The latest firmware update for the Pioneer 51/05 players has been posted to the US site. We are up to 1.39, and it bears the distinction of being the only update so far that does not include a "Performance Enhancement" in the update description. Although the Pioneer site does not list any details, the below list was originally posted by Raniel-Atero over at AVS. Actually, this update addresses several specific issues related to BD playback stability:

Ver.1.39 (released on March 1, 2010)
Fixes the following issues.
- In certain BD title "2012", playback cannot be started with black screen.
- In certain BD title "Leon: The Professional", certain operations (chapter search, fast-forward and forward skip) cannot be done for chapter #23 or later.
- In certain BD title "GOEMON", out of synchronization with audio and video after searching chapters.
- In certain BD title "FLUTE MYSTERY", audio format cannot be changed by color (red/yellow) buttons after using "Audio" button, also audio format indication cannot be changed by color (red/yellow) buttons after using "Audio" button.
- In certain BD title "WORLDS GREATEST DAD" with no LAN connection, playback cannot be started with black screen.
- In certain BD title "Mutant Chronicles" with no LAN connection, playback cannot be started with black screen.
- In certain AVCHD discs, playback cannot be started.
- In certain DVD title "Schiller - Tagtraum", playback stops with message "Cannot be played".
- In certain self-made DVD, playback stops at certain points (15 seconds after stopping time counter displayed on front panel).
- In certain CD title "daniel barenboim MOZART piano trios" (double album), track #2 playback is automatically started after playing final track (track #9) of disc #1.
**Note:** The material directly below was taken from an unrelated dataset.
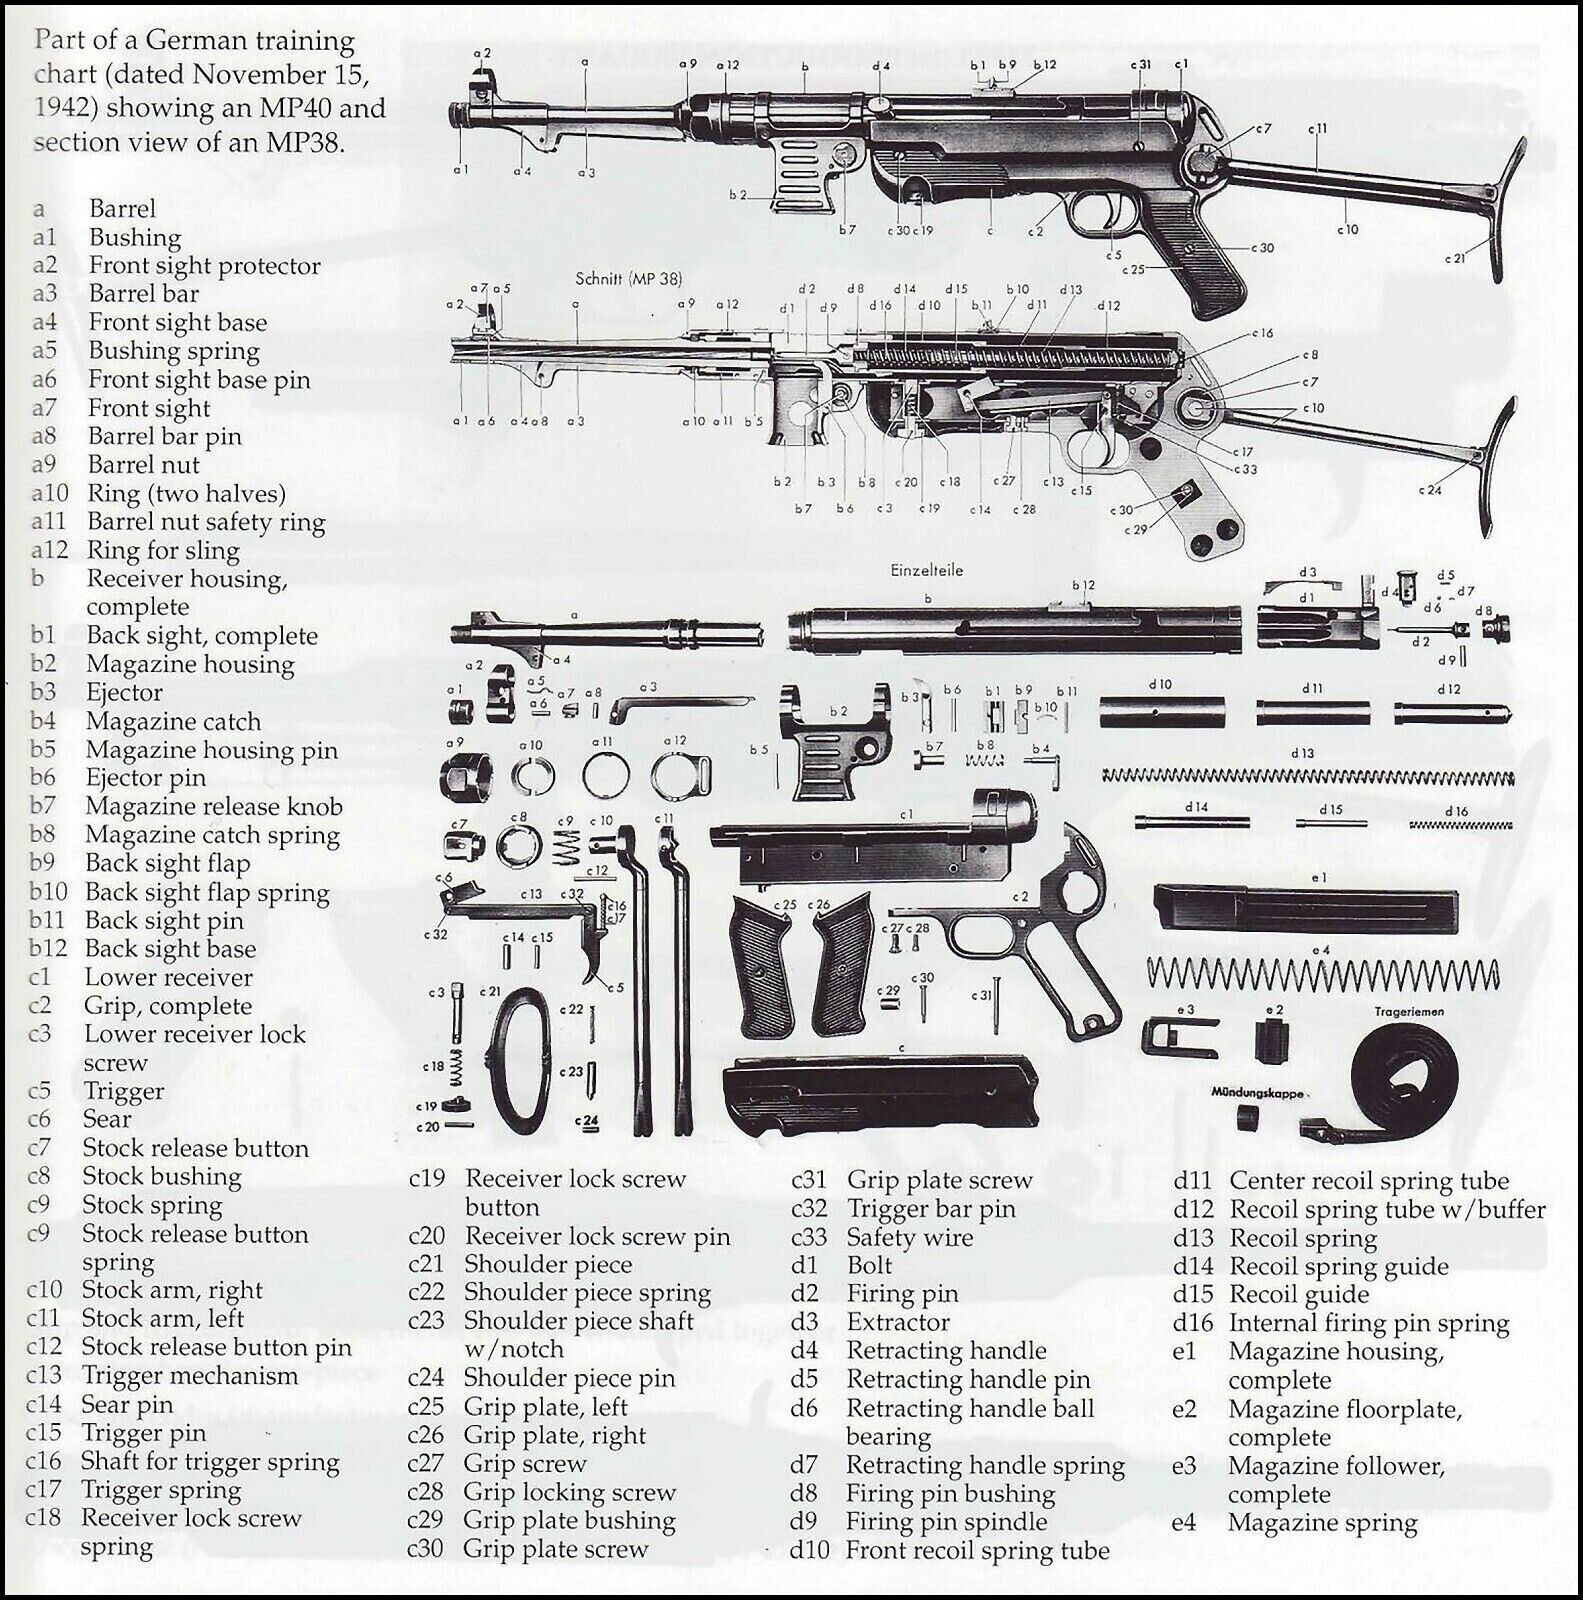 WW2 German German MP-40/38 Parts Chart Picture

Sadly, this still did not fix the AVCHD problem with True24FPS encodings (as opposed to 23.976FPS)... Oh well, at least we are still getting updates (the glass is half full...)


----------



## Jungle Jack

Hello,
There is another new Firmware that is available from Pioneer Europe. It is 1.65 and allows the Playback of Avatar and also they state Performance Improvement.
Here is the link as it has not been released to the US Pioneer Website: http://www.pioneer.co.uk/uk/content/support/support/upgrade/BDP.html

I downloaded it this morning and Avatar playback perfectly. I believe without this update, the Disc will not play.
Cheers,
JJ


----------



## Vader

Thanx, Jungle Jack!

Pioneer actually broke with their traditional delay between the Euro FW and the US one (about two weeks), by posting the FW on their US site this afternoon. From what I understand, the US FW is 100% bit-for-bit identical to the Euro version anyway, but at least it is official now. So far, no one has posted any benefit other than enabling 'Avatar' to play, but only time will tell! Time to go watch me some Avatar (on my new plasma, no less...)


----------



## Vader

Hi all,

The latest firmware for the 51/05 players has been posted to the USA site (albeit you have to a little searching to find it; the player has been archived): v1.70. All that the change log states is that it improves the stability of BD-ROM playback, so take that as you will. At this point, I am inclined to believe that any updates we get will be for compatibility issues with specific titles.


----------



## Jungle Jack

Hello,
Nice. I have recently switched to a PC and will have to learn how to burn ISO Files as it could not be easier on my Macbook Pro.
Cheers,
JJ


----------



## Vader

For all of us diehards out there who have stuck with this player, the newest firmware (v1.71) has been posted to the Pioneer site. As before, the change description just says "Enhances stability of BD-ROM/DVD-Video playback". If only the player was in the state it is now on release, then it would be considered one of the best, all things (except loading speed) considered, at least by me. Onward to 1.72...!


----------



## Jungle Jack

Hello,
I still love these BDP's and they boast a much higher Build Quality and Parts then most BDP's currently out there.
Cheers,
JJ


----------



## Gugu

Hi all, 

1.71 had a lot of problems, regarding new BD releases, but finally 1.72 is out, which fixes all the problems with recent titles. Grab it from the usual place, it is a must if you are on 1.71 ! 

Regards: Gustav


----------



## HanaS

I have the 1.72 I like it alot!!!


----------